What a tool. Even the other BIG reviewers out there made fun of him for that.

PS: Not to detract from your review link, @RichJB . At the risk of getting off-topic, thanks for linking what's available so far!


----------



## skola

Reminds me of a postless O-atty hey @spiv ?


----------



## RichJB

Yeah, drilling the air inflows through angled blocks seems to be all the rage now. I suppose it does direct the airflow a lot more precisely than just having a slot in the side of the atty.


----------



## spiv

skola said:


> Reminds me of a postless O-atty hey @spiv ?



Yeah... like a postless dual coil O-atty meets a Hadaly so the airflow is in the right place. 
For a dual coil RDA, I think it's going to be great.

Reactions: Like 1


----------



## Chukin'Vape

I'm on the lookout for one of these - so if anybody knows of a vendor shilling them... let me know!

Sent from my SM-G930F using Tapatalk

Reactions: Like 1


----------



## Hakhan

sqounking onto a postless deck...thats interesting concept for leaking


----------



## PsyCLown

Looks great, but I'd prefer to run it in a single coil config.

Would like someone elses opinion on how it performs in single coil mode before I consider buying one though.


----------



## PAM

I have been following this one on instagram...also looked and read one or two reviews...... My thought......I want one....i want one ....i hope santa knows I want one ...LOL


----------



## Faheem777

Anyone tried out this rda..thoughts?


----------



## Rude Rudi

available at VK and the Sirs I see


----------



## Faheem777

Rude Rudi said:


> available at VK and the Sirs I see



Vape hyper has them on special at vapecon, so considering getting one. I'm just concerned about the juice well, it looks as if it's more suited for squonking


----------



## Rude Rudi

Faheem777 said:


> Vape hyper has them on special at vapecon, so considering getting one. I'm just concerned about the juice well, it looks as if it's more suited for squonking



Saw that - in two minds now... I'm tend to overdrip - I can see this will drive me crazy...

Reactions: Can relate 1


----------



## MartinThor

PsyCLown said:


> Looks great, but I'd prefer to run it in a single coil config.
> 
> Would like someone elses opinion on how it performs in single coil mode before I consider buying one though.

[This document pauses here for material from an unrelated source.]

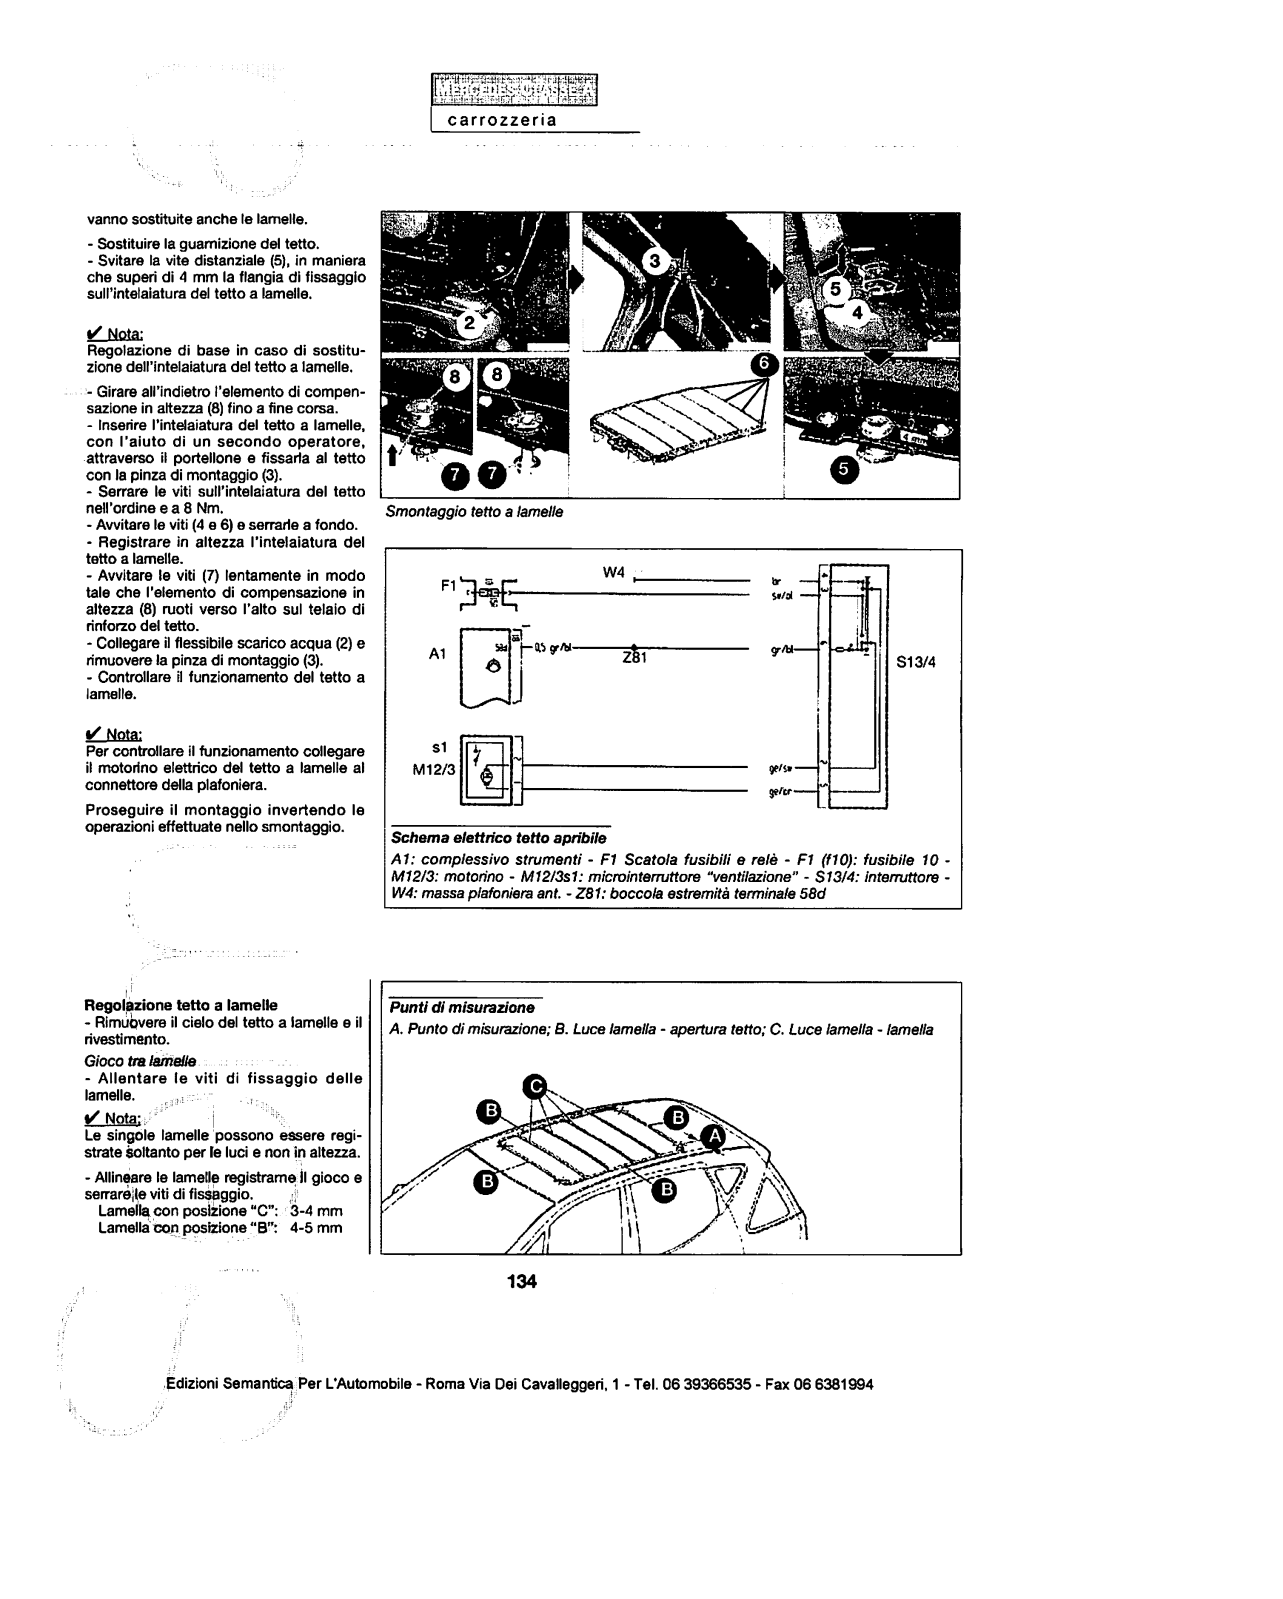 w168 - (W168): Manual técnico - tudo sobre - 1997 a 2004 - italiano Xc1zfb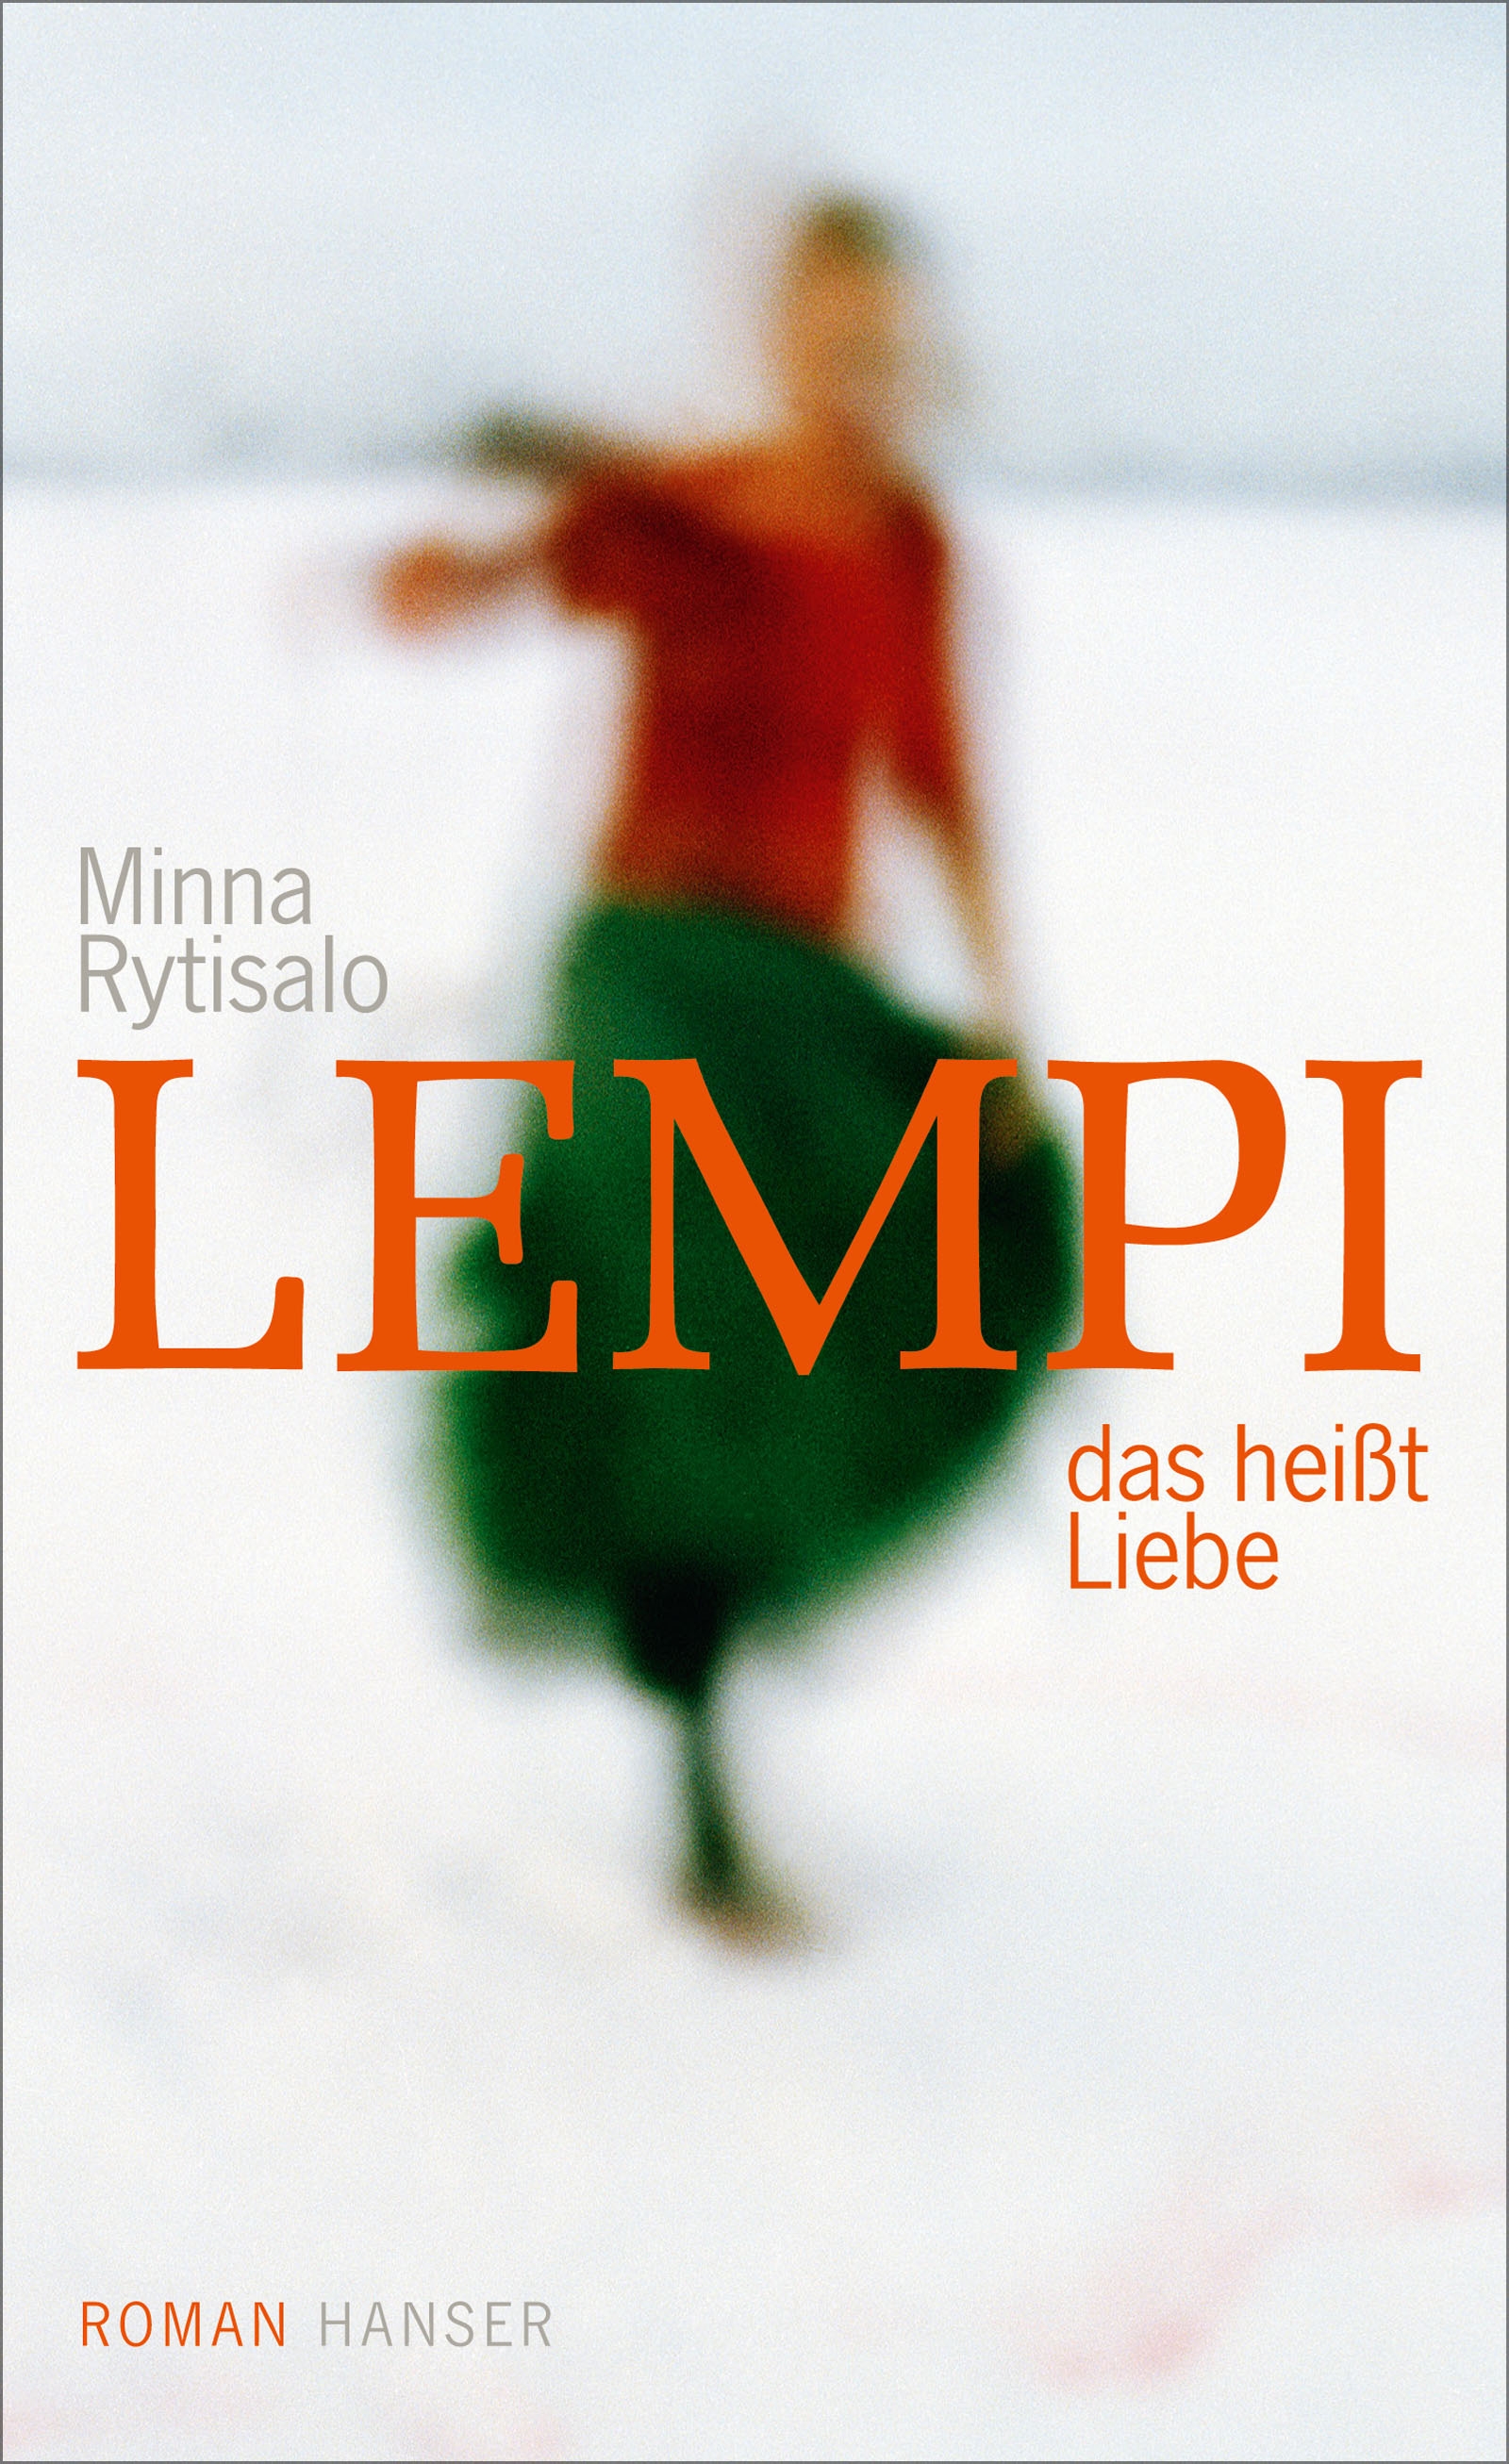 https://www.hanser-literaturverlage.de/buch/lempi-das-heisst-liebe/978-3-446-26004-7/

I picked one up at Vapecon, it comes with two fused claptons which are great in there but the airflow isn't ideal for a dual coil, it works well but it needs a bit more so I took one out and it is perfect, it's a slight restricted drag but with the single coil it is amazing, the flavour is awesome and there is a ton of vapour.


Sent from my iPhone using Tapatalk

Reactions: Informative 1


----------



## MrDeedz

And no one is still saying the estimate price lol


----------



## daniel craig

MrDeedz said:


> And no one is still saying the estimate price lol


Available at @Sir Vape


----------



## Rob Fisher

The Coil Art DPRO is a Chicken Dinner.


----------



## Rob Fisher




----------



## Rob Fisher




----------



## Ozeran

Rob Fisher said:


>




After watching this video I went and got myself the DPRO. Got to say I am impressed. The awesome flavour I get out of it.

Reactions: Like 1


----------